Совсем стемнело. На террасы кафе набились парни в кожаных куртках и штанах, девчонки с прямыми волосами, студенты-негры, парочки, изнемогающие от лирических чувств, шоферы грузовиков, явно не парижане. Я шел и глядел, в обнимку с цветочным горшком, — шел и глядел во все глаза, будто видел в первый и последний раз в жизни. Игровые автоматы чихали, мигали, сияли — индейцы-ковбои, колорадские шашки, турнир по боксу. Я остановился посмотреть, как белобрысый до ужаса паренек палил по драконам, бабах! бабах! — как попадет — вместо дракона — красотка-японка. Только госпоже Шатобриан я обязан тем, что гуляю здесь, что чуть более образован, любуюсь на пеструю толпу и не замерзаю.
Вот я и дома, в квартире темно и тихо. Не зажигая света, я пошел по длинному коридору, по ковровой дорожке, как по песку. Под дверью Омелы светилась полоска. Я не остановился, пошел сполоснуть руки. В кухне тоже темно, ну да, суббота, наша испанка уехала в Версаль, в интернат за своими двумя детишками. Пришлось поместить их туда из-за каких-то семейных неурядиц. На выходные она их забирает. Мы ее отпускаем в пять. Скоро будем ужинать на кухне остатками завтрака. Мне это нравится. Проходная комнатушка. Крохотная, почти квадратная, сюда выходит ванная, и слева спальня Омелы. Раньше тут было что-то вроде прихожей с дверью на черную лестницу, но мы загородили дверь английским мужским туалетным столиком: большое зеркало и под ним два ящика (один для трусов и платков, другой для носков). Наших носков, и наших платков — снова прилив безумия, нет, сказку про Антоана пора кончать. Я зажег свет, поставил цветок на чугунный табурет и отправился в ванную вымыть руки. Вода чуть теплая, вечно у нас нелады с водопроводом. Посмотрелся в зеркало: никакого сомнения — голубые, хоть и со скидкой на годы, но все-таки. Вернулся, взял цветок. Прихватил носовой платок из ящика. И толкнул дверь в спальню — темно, свет из передней квадратом лег на постель, скользнув по стулу в изножье с моей стороны, и тут же на белые дверцы стенного шкафа между окнами метнулась его тень, очень похожая на гильотину. Спальня описана в «Эхо»: светлые деревянные панели, панно, потолок, затянутый серой с белым тканью… Голос Омелы из кабинета: «Это ты?» Я ответил: «Это я…» — и чуть защемило сердце от двусмысленности…
— Ты напугал меня, — сказала Омела. — А что это за цветок? Красивый… — Она встала с красного кресла и стала искать для моего цветка синее с желтым кашпо в стиле Наполеона III. Я ходил за ней следом: «Напугал тебя?

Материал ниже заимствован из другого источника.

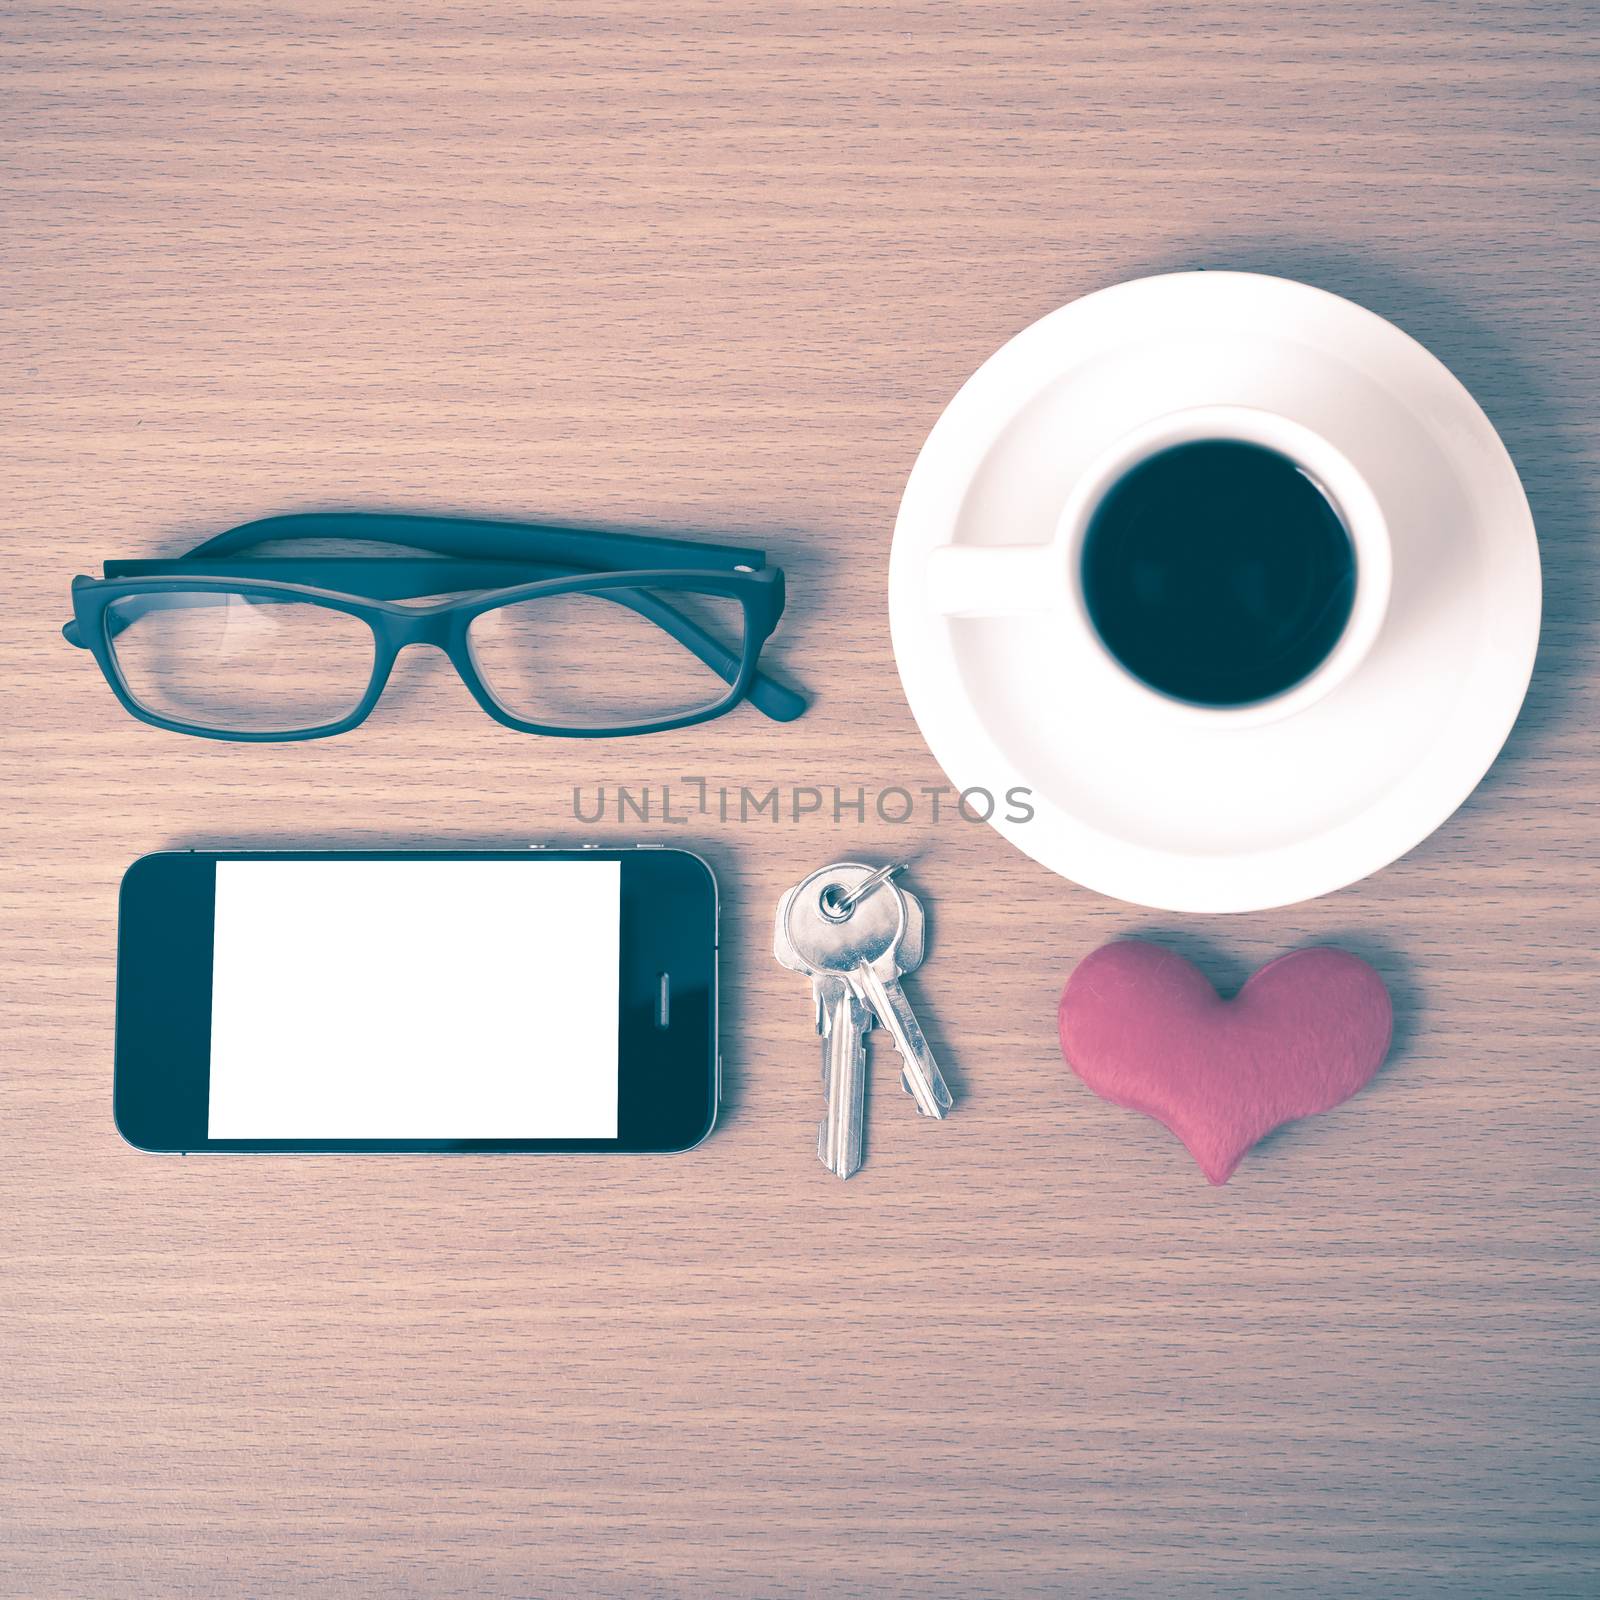 coffee,phone,eyeglasses,key and heart by ammza12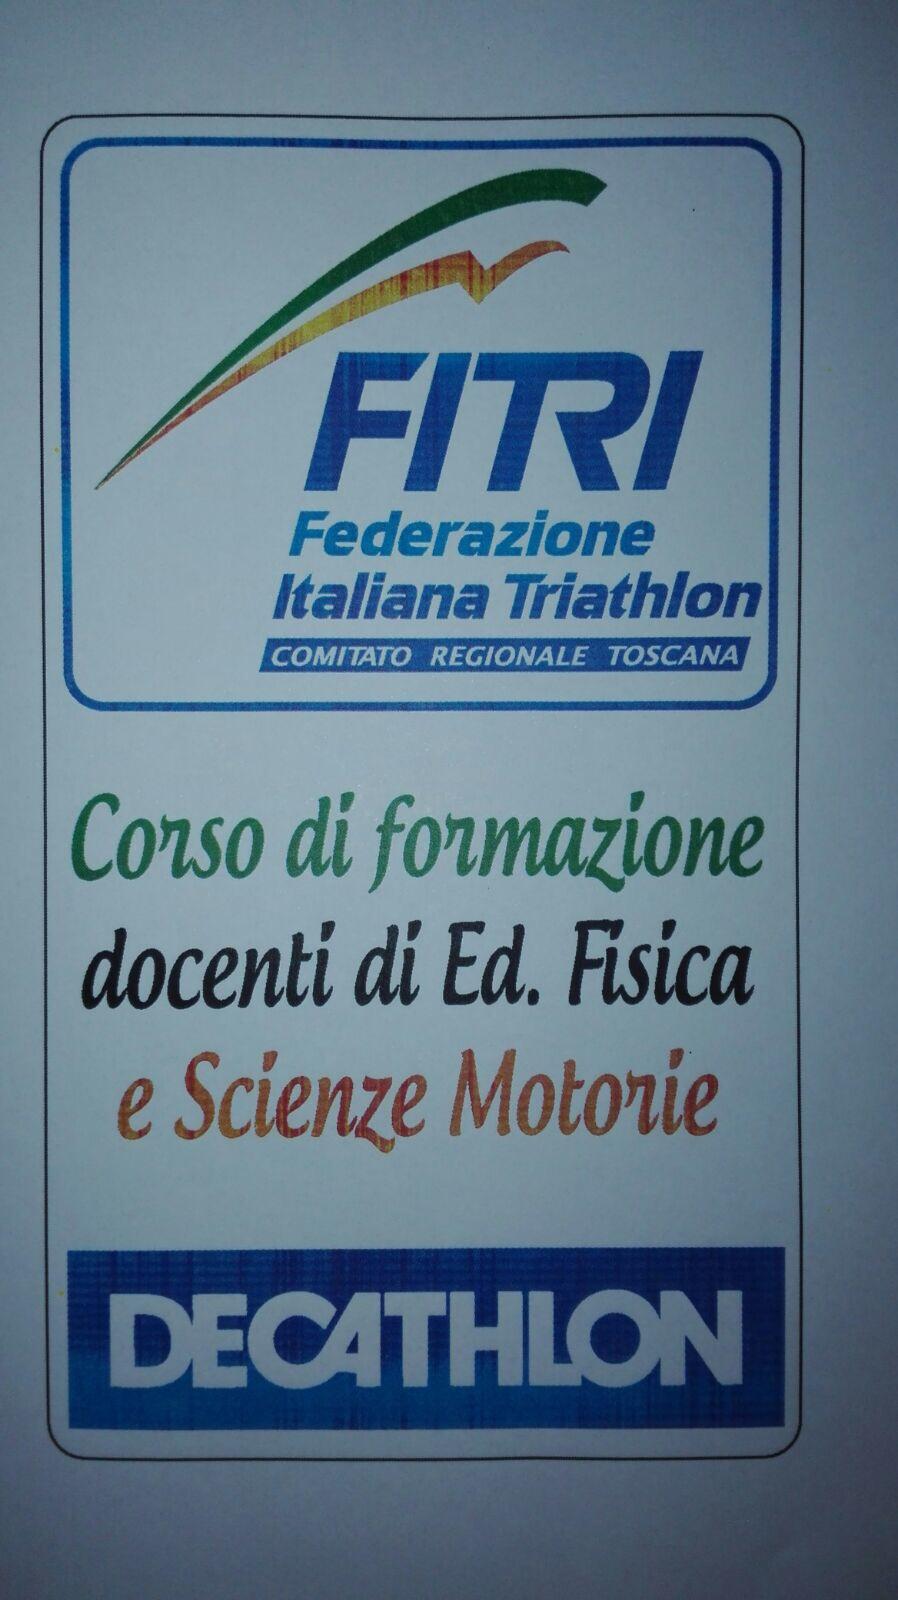 images/toscana/medium/Logo_Corso_Formazione_Docenti2.JPG

А кого ты думала увидеть?» — Никого… но квартира такая большая, пустая, и когда нет Соледад… — Мы вернулись к ней в кабинет. Цветок красивый, но очень грустный, совсем, как я. Называется бамбергия (я так решил). Как, как? Бамбергия от Бамберга: помнишь, ложа для иностранцев, гостиница, номер Антонена Блонда, дверь в глубине открывается прямо в театр… и на сцене — ты, поешь в «Дон Жуане» арию донны Анны… Послушай, Омела…
— Ты ушел и бросил меня, — сказала она, — но у меня была гостья.
Оказывается, Эльза Триоле ушла от нее часа три назад. Принесла рукопись нового романа. Я увидел, что чтение уже далеко продвинулось. И о чем же роман?
— О мужчине и женщине: он умер, а она его пережила…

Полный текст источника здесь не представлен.